For Loops in R

Basic `for` loop

Loops are the fundamental structure for repetition in programming
for loops perform the same action for each item in a list of things

for (item in list_of_items) {
  do_something(item)
}

To see an example of this let’s calculate masses from volumes using a loop
Need print() to display values inside a loop or function

volumes = c(1.6, 3, 8)
for (volume in volumes){
  print(2.65 * volume^0.9)
}

Code takes the first value from volumes and assigns it to volume and does the calculation and prints it
Then it takes the second value from volumes and assigns it to volume and does the calculation and prints it
And so on
So, this loop does the same exact thing as

volume <- volumes[1]
print(2.65 * volume ^ 0.9)
volume <- volumes[2]
print(2.65 * volume ^ 0.9)
volume <- volumes[3]
print(2.65 * volume ^ 0.9)

Like with functions and conditionals loops can have many rows of code
Everything between the curly brackets is executed each time through the loop
Let’s expand our look so that it first estimates the mass, then converts it from kilograms to pounds, and then prints out the value

for (volume in volumes){
   mass <- 2.65 * volume ^ 0.9
   mass_lb <- mass * 2.2
   print(mass_lb)
}

Do Tasks 1 & 2 in Basic For Loops.

Looping with an index & storing results

In the last video we saw that in R loops iterate over a series of values in a vector or other list like object
When we use that value directly this is called looping by value
But there is another way to loop, which is called looping by index
Looping by index loops over a list of integer index values, typically starting at 1
These integers are then used to access values in one or more vectors at the position inicated by the index
If we modified our previous loop to use an index it would look like this
We often use i to stand for “index” as the variable we update with each step through the loop
We then create a vector of position values starting at 1 (for the first value) and ending with the length of the object we are looping over
Then inside the loop instead of doing the calculation on the index (which is just a number between 1 and 3 in our case)
We use square brackets and the index to get the appropriate value out of our vector

volumes = c(1.6, 3, 8)
for (i in 1:length(volumes)){
   mass <- 2.65 * volumes[i] ^ 0.9
   print(mass)
}

This gives us the same result, but it’s more complicated to understand
So why would we loop by index?
The advantage to looping by index is that it lets us do more complicated things
One of the most common things we use this for are storing the results we calculated in the loop
To do this we start by creating an empty object the same length as the results will be
To store results in a vector we use the function vector to create an empty vector of the right length
mode is the type of data we are going to store
length is the length of the vector

masses <- vector(mode = "numeric", length = length(volumes))
masses

Then add each result in the right position in this vector
For each trip through the loop put the output into the empty vector at the ith position

for (i in 1:length(volumes)){
   mass <- 2.65 * volumes[i] ^ 0.9
   masses[i] <- mass
}
masses

Walk through iteration in debugger

Do Tasks 3-4 in Basic For Loops.

Looping over multiple values

Looping with an index also allows us to access values from multiple vectors

b0 <- c(2.65, 1.28, 3.29)
b1 <- c(0.9, 1.1, 1.2)
volumes = c(1.6, 3, 8)
masses <- vector(mode="numeric", length=length(volumes))
for (i in seq_along(volumes)){
   mass <- b0[i] * volumes[i] ^ b1[i]
   masses[i] <- mass
}

Do Task 5 in Basic For Loops.

Looping with functions

It is common to combine loops with with functions by calling one or more functions as a step in our loop
For example, let’s take the non-vectorized version of our est_mass function that returns an estimated mass if the volume > 5 and NA if it’s not.

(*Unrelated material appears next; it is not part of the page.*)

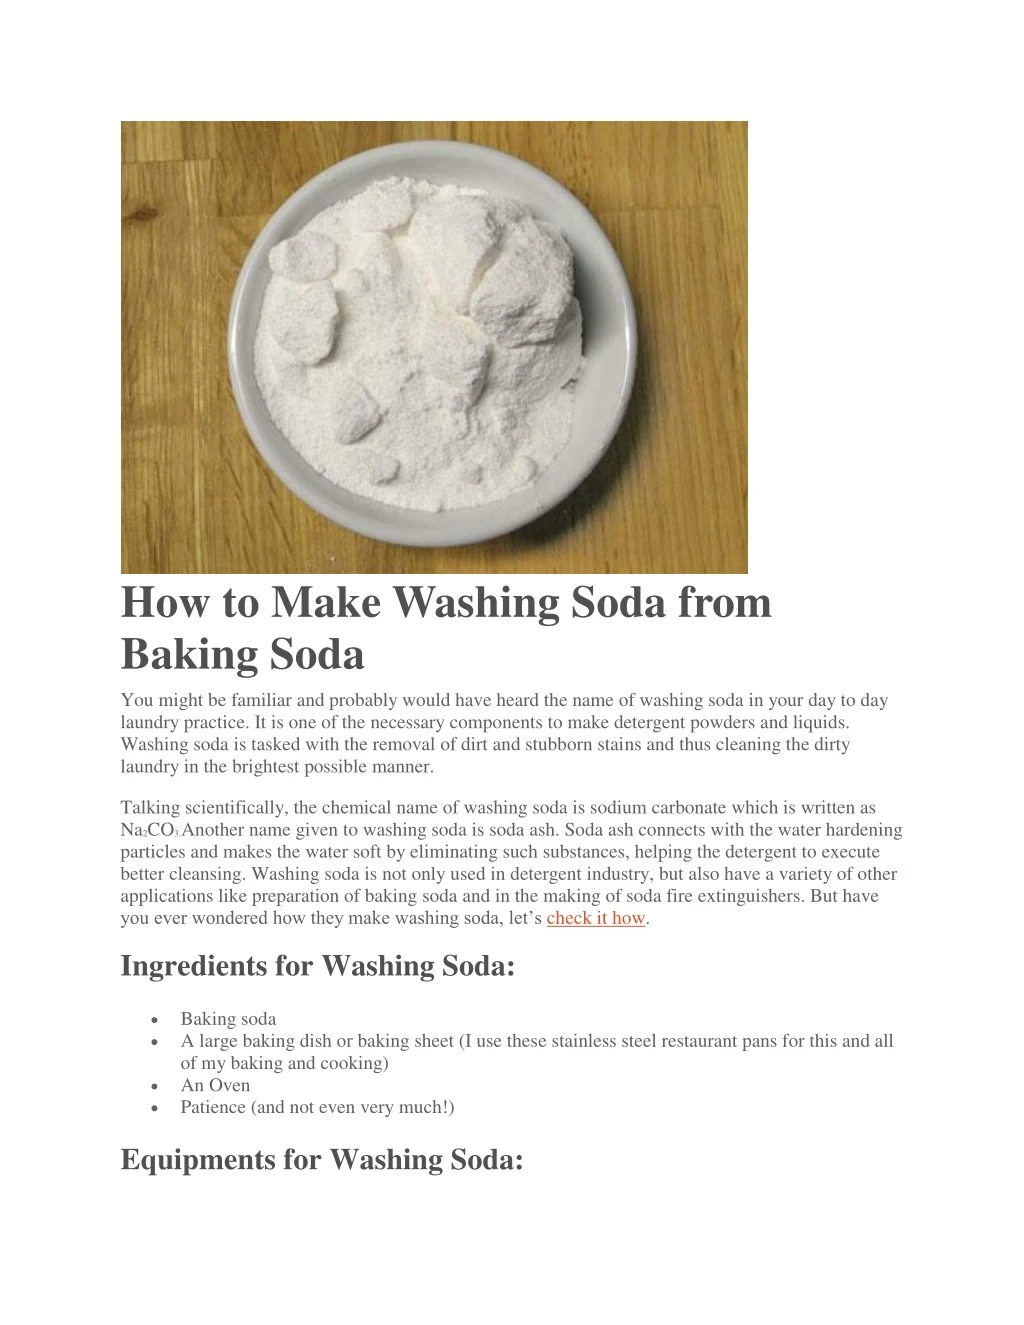 how to make washing soda from baking soda

est_mass <- function(volume){
  if (volume > 5) {
    mass <- 2.65 * volume ^ 0.9
  } else {
    mass <- NA
  }
  return(mass)
}

volumes = c(1.6, 3, 8)

We can’t pass the vector to the function and get back a vector of results because of the if statements
So let’s loop over the values
First we’ll create an empty vector to store the results
And them loop by index, callling the function for each value of volumes

masses <- vector(mode="numeric", length=length(volumes))
for (i in length(volumes)){
   mass <- est_mass(volumes[i])
   masses[i] <- mass
}

This is the for loop equivalent of an sapply statement we used in a previous lesson

masses_apply <- sapply(volumes, est_mass)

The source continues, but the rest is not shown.